Lucky is the third one, duhh :biggrin:
If you can, go for it! Two dogs are better than one, but remember they'll also be double the trouble, LOL.


----------



## lucky (Jan 8, 2011)

LOL she absolutely loves other dogs and so do I so would definately be worth it  ... As long as we are in our own place by next spring then I will definately go for it


----------



## Janet At Nutro (Mar 11, 2011)

I would of had a hard time choosing between the two.
I really like Lucky's markings.


----------



## rannmiller (Jun 27, 2008)

Awww babies!!! that little boy is awfully cute, I don't know how you didn't just steal them all!


----------



## kathylcsw (Jul 31, 2011)

What beautiful puppies! My son would have been all over the tricolor faced one! I hope that you can get another one in the spring. You should go for a male because I have read that 2 female JRT's together can get into some serious fights.

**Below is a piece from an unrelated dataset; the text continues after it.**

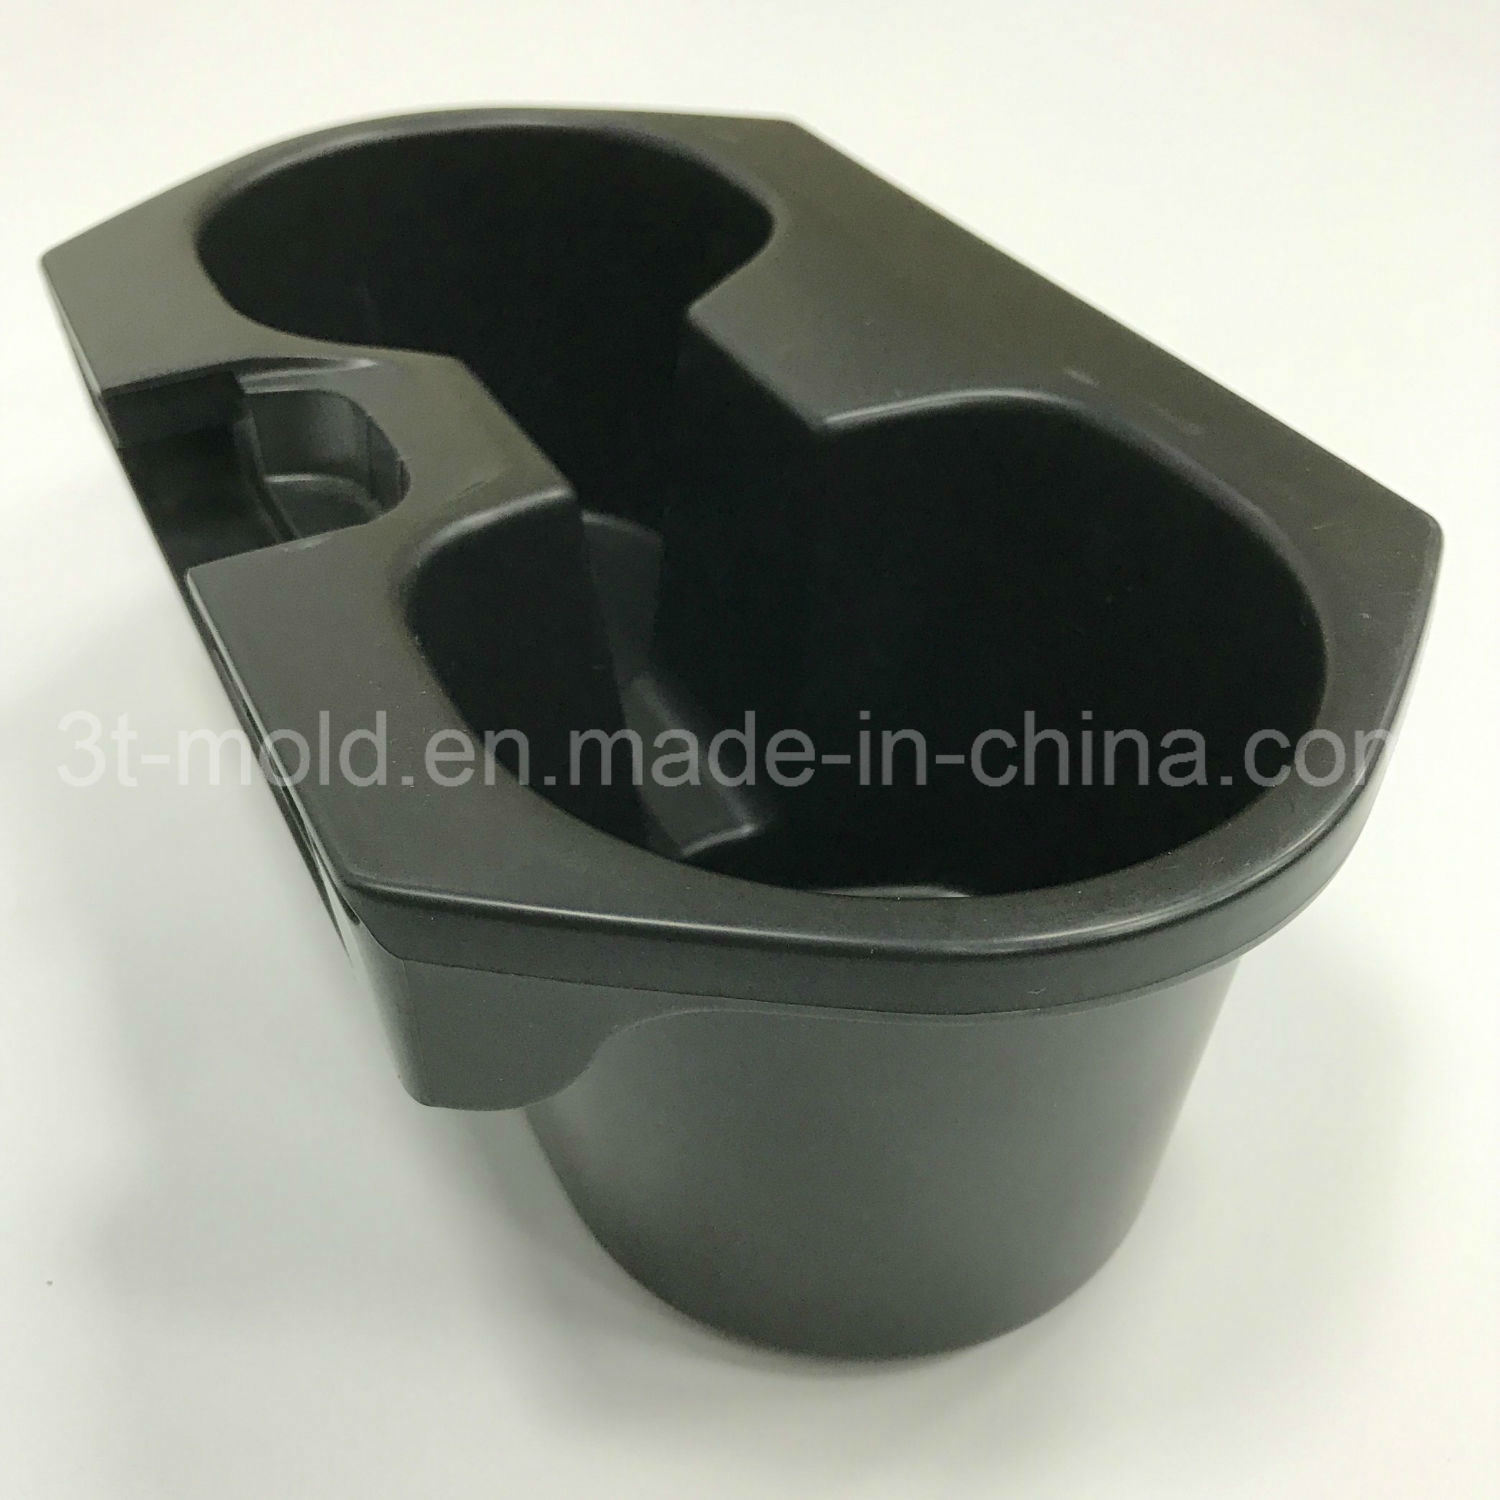 /proimages/2f0j00LtSGqTQBsYbm/automotive-cup-holder-plastic-injection-mold.jpg

I have pictures of Lola from the day she was born thanks to FaceBook. It is fun to see how much they change. I was noticing last night that Lola is losing the puppy look and getting muscled in her chest. At what age did Lucky stop growing? I always read that small breeds are pretty much grown by 6 months but if that is true Lola is going to be small. At 5 months she is 7.5 lbs and has a small body frame.


----------



## lucky (Jan 8, 2011)

kathylcsw said:


> What beautiful puppies! My son would have been all over the tricolor faced one! I hope that you can get another one in the spring. You should go for a male because I have read that 2 female JRT's together can get into some serious fights.
> 
> I have pictures of Lola from the day she was born thanks to FaceBook. It is fun to see how much they change. I was noticing last night that Lola is losing the puppy look and getting muscled in her chest. At what age did Lucky stop growing? I always read that small breeds are pretty much grown by 6 months but if that is true Lola is going to be small. At 5 months she is 7.5 lbs and has a small body frame.


Lucky stopped growing at about 1 year old, she weighs 12lb now and is about 9" tall. She is very muscly though  

Yes I definately want a boy next, lucky is spayed so will be no issues there  ... I want one with a bit more colour on the face next time, lucky is almost all white


----------